Abstract:
Objectives: Due to its strong flexibility, low cost, and continuous availability, dockless shared bicycles have become the primary form of bike-sharing services in China. However, the excessive flexibility of dockless shared bicycles often leads to a supplydemand imbalance, manifested by scarcity within specific temporal and spatial domains, where bikes cannot be found or accumulate without being used. Accurately and precisely detecting the spatial and temporal extent, as well as the degree of imbalance in the origin-destination (OD) distribution of shared bicycle trips is a crucial issue for understanding the reliable cognition of bike supply and demand relationships, scientifically dispatching bike resources, and developing green and sustainable public transportation. Currently, most studies use predefined grids to divide spatial units and then construct metrics to measure the degree of OD imbalance, setting imbalance thresholds to extract source and sink regions. The method of manually predefining rigid spatial units and setting imbalance thresholds tends to underestimate the spatial and temporal extent of sources and sinks and the degree of imbalance. Additionally, there is a lack of coupled analysis of the temporal and spatial evolution of travel source and sink areas.
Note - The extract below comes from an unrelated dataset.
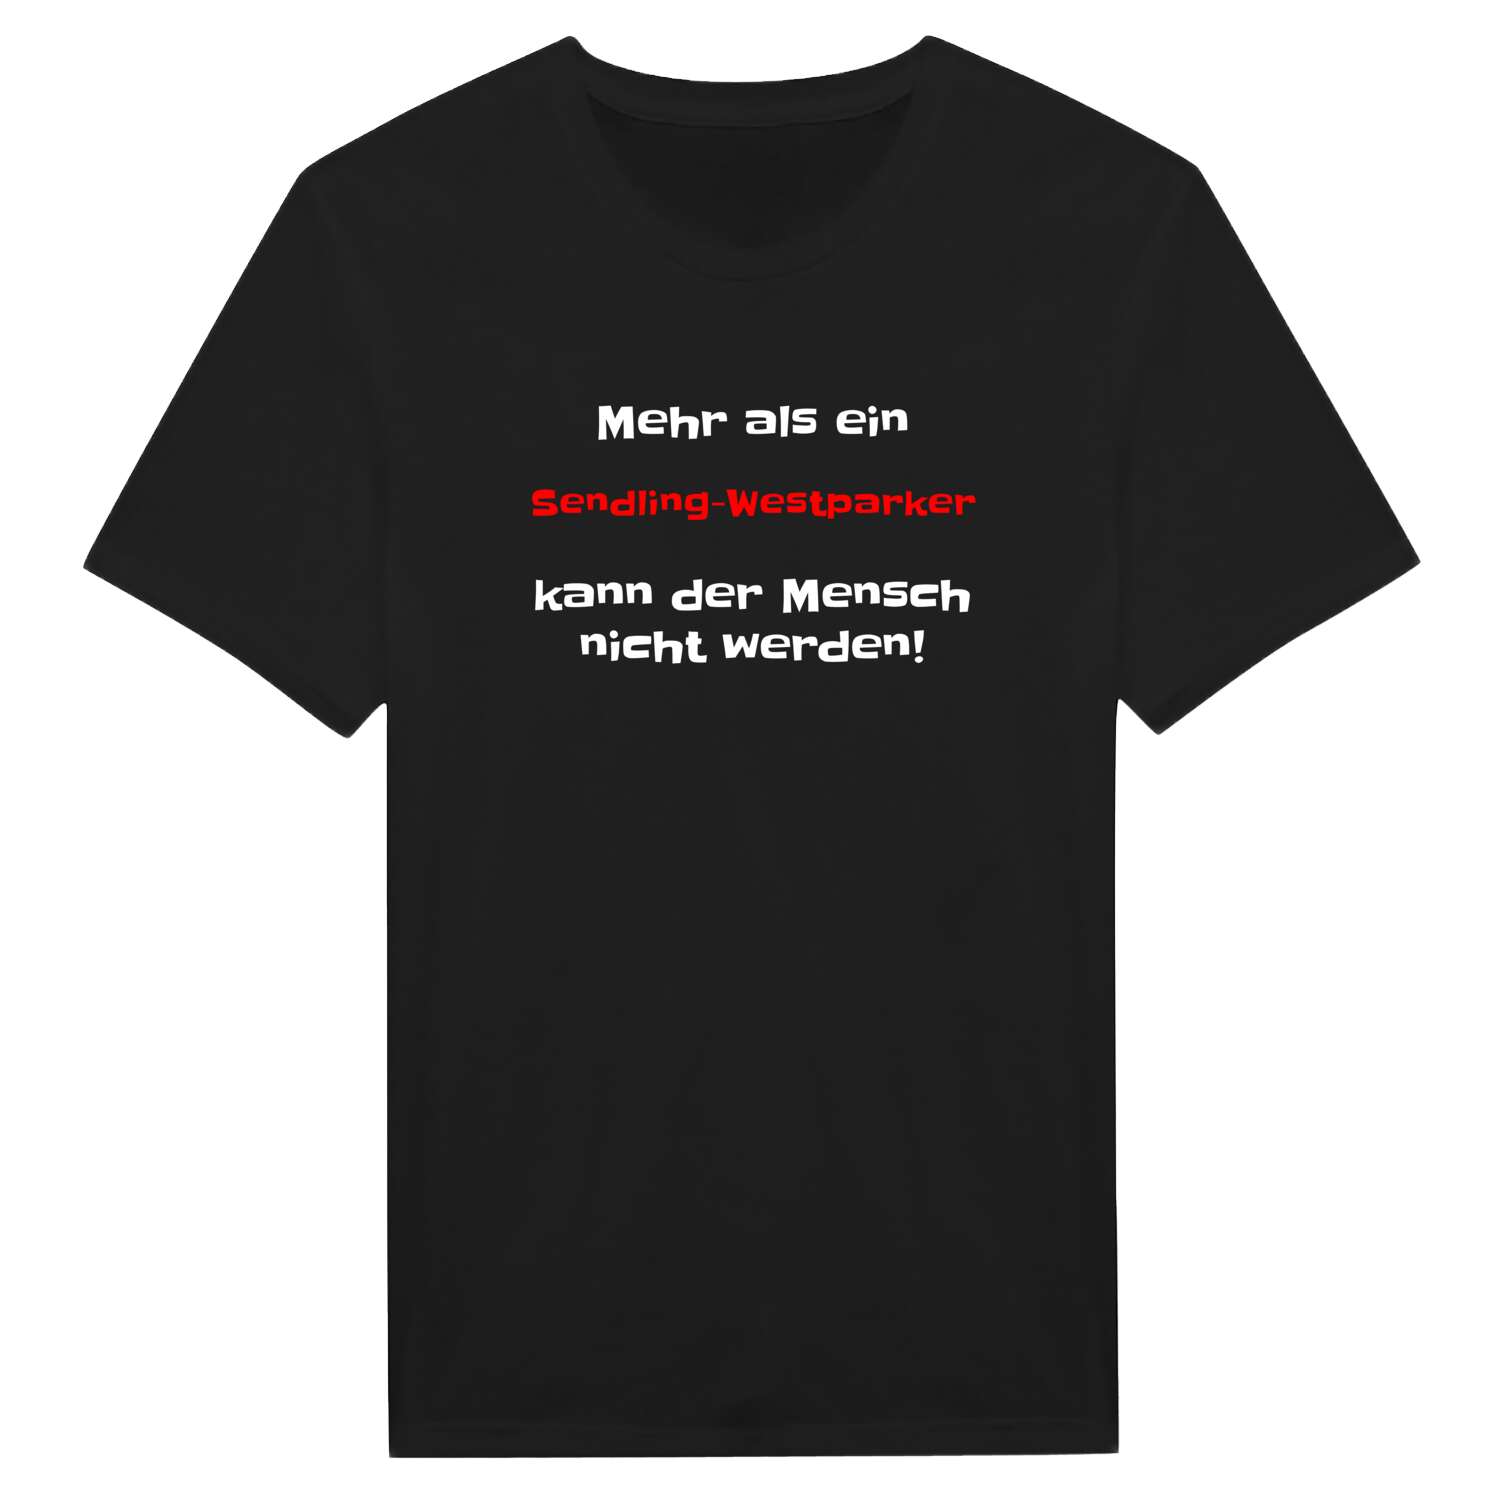 Sendling-Westpark T-Shirt »Mehr als ein«
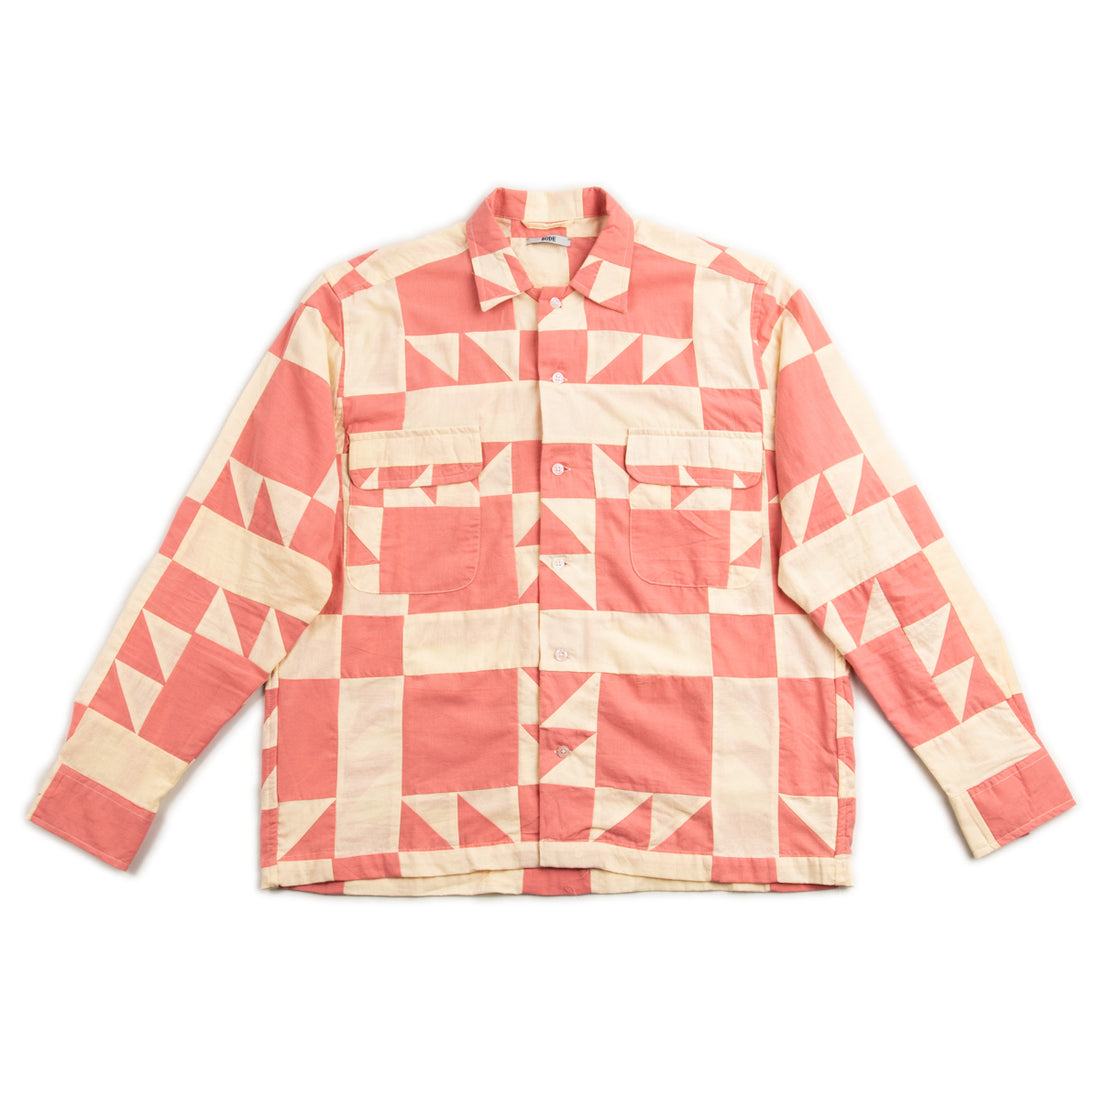 Bode Pink Quilt L/S Shirt - Standard & Strange

Methods: To this end, this paper proposes a bivariate clustering method based on spatiotemporal density to adaptively extract trip sources and sinks. Firstly, spatial kernel density estimation and information entropy theory are introduced to adaptively extract OD core points from the perspective of density significance test. Secondly, a bivariate distribution imbalance statistical method is constructed to identify source and sink core points of shared bike trips, and density-based clustering extension strategies are implemented for fine-grained identification of source-sink spatial regions. Finally, based on the detected source-sink spatial regions, OD point event intensity and imbalance significance tests are designed based on OD point temporal density distribution and event type probability distribution, to identify the sources and sink time periods of shared bike trips.
Results: Experimental results using dockless shared bicycle trajectory data in Xiamen Island reveal that within the morning peak hours, this method identified 11,351 source areas and 9,453 sink areas. The number of sources and sinks can reach up to nearly 2,000 per hour. The imbalance index for source areas is concentrated in the range 0.5, 1, while for sink areas, it is concentrated in the range -1, -0.5. This demonstrates that the proposed method can accurately and reliably extract spatial regions, durations, and degrees of imbalance that characterize the distribution imbalance of vehicle borrowing and returning.
Conclusions: In order to overcome the problems that the spatial detection results of shared bicycle travel source and sink are heavily dependent on the rigid pre-division of spatio-temporal units, the predefined threshold of algorithm parameters and source and sink indicators, and the lack of spatio-temporal coupling mining analysis of source and sink, this paper proposes an adaptive spatial detection algorithm for traffic travel source and sink based on binary variable density clustering. A case study was carried out in the actual data of shared bicycles in Xiamen.